Der Waffenstillstand in der Ukraine hat nur wenige Stunden gehalten: Am Morgen gab es in Kiew neue Krawalle, Demonstranten vertrieben die Polizei vom Maidan, mehrere Menschen wurden getötet. Ein Treffen der EU-Außenminister mit Präsident Janukowitsch gestaltet sich schwierig. International war die Aussicht auf eine Waffenruhe in der Ukraine mit Erleichterung aufgenommen worden – aber auch mit Skepsis. Nun zeigt sich, dass Zweifel berechtigt sind. Trotz der vereinbarten Kampfpause kam es auch am Donnerstagmorgen in Kiew zu schweren Auseinandersetzungen.

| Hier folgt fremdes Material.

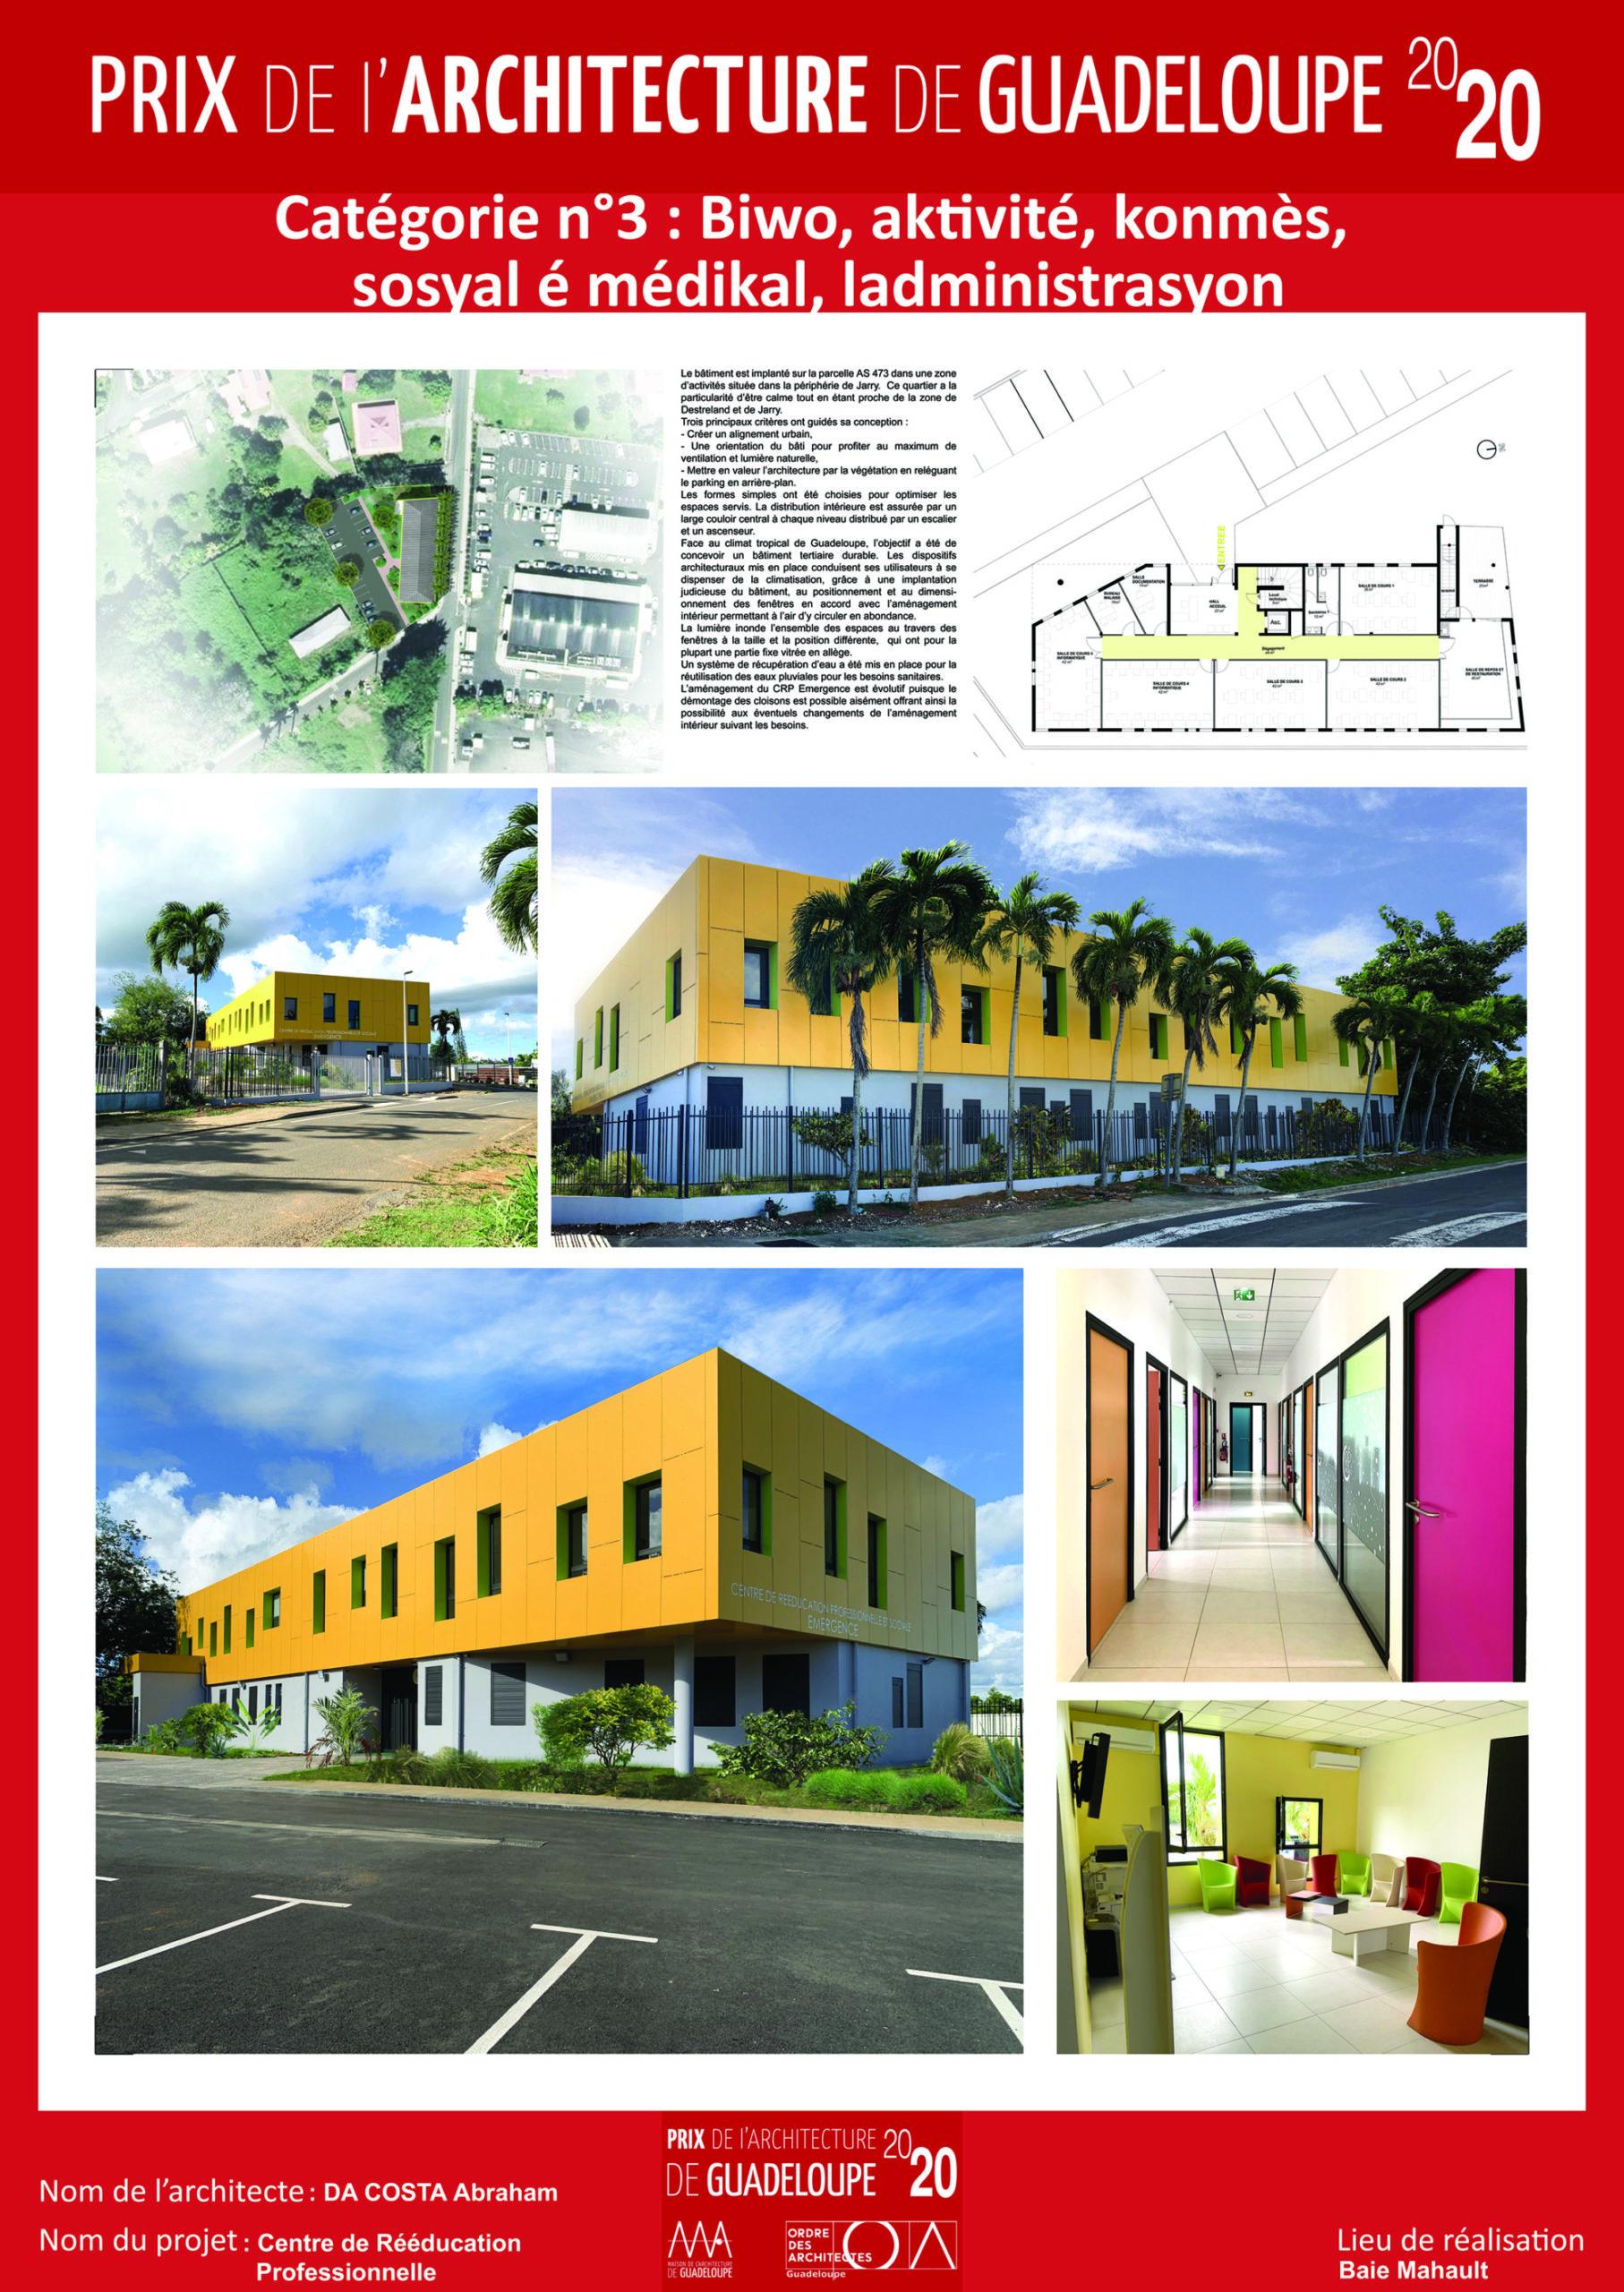 Centre de rééducation professionnelle (Abraham Da Costa)

Fernsehbilder zeigten, wie die Regierungsgegner auf Gebiete vorrückten, die am Tag zuvor in der Hand der Polizei gewesen waren. Mehrere Polizisten wurden von Demonstranten gefangengenommen und weggebracht. Das ukrainische Fernsehen zeigte am Donnerstag zudem Aufnahmen zweier Leichen in der Nähe des Maidan. Die Körper waren mit Decken bedeckt. Ein Reuters-Fotograf auf dem Unabhängigkeitsplatz zählte gar zehn Tote. Nähere Details zu den Opfern sind bisher jedoch nicht bekannt. Von Hoteldächern am Rande des Maidan sollen Scharfschützen feuern. (…) Widersprüchliche Angaben gibt es darüber, wer trotz der erst am Mittwoch vereinbarten Waffenruhe die Gewalt erneut anheizte. Der Oppositionspolitiker Vitali Klitschko machte die Polizei für den Bruch des vereinbarten Gewaltstopps verantwortlich. “Wir sehen die Situation außer Kontrolle”, sagte Klitschko nach einem Treffen mit den Außenministern aus Deutschland, Polen und Frankreich in Kiew. Doch bereits während der Nacht hatten Demonstranten ihrerseits Feuerwerkskörper in Richtung der Sicherheitskräfte abgeschossen. Auf dem Maidan sollen Redner die Parole ausgegeben haben, dass der Waffenstillstand aufgehoben sei. Gewaltbereite Demonstranten drangen in die Nähe des Regierungsviertels vor.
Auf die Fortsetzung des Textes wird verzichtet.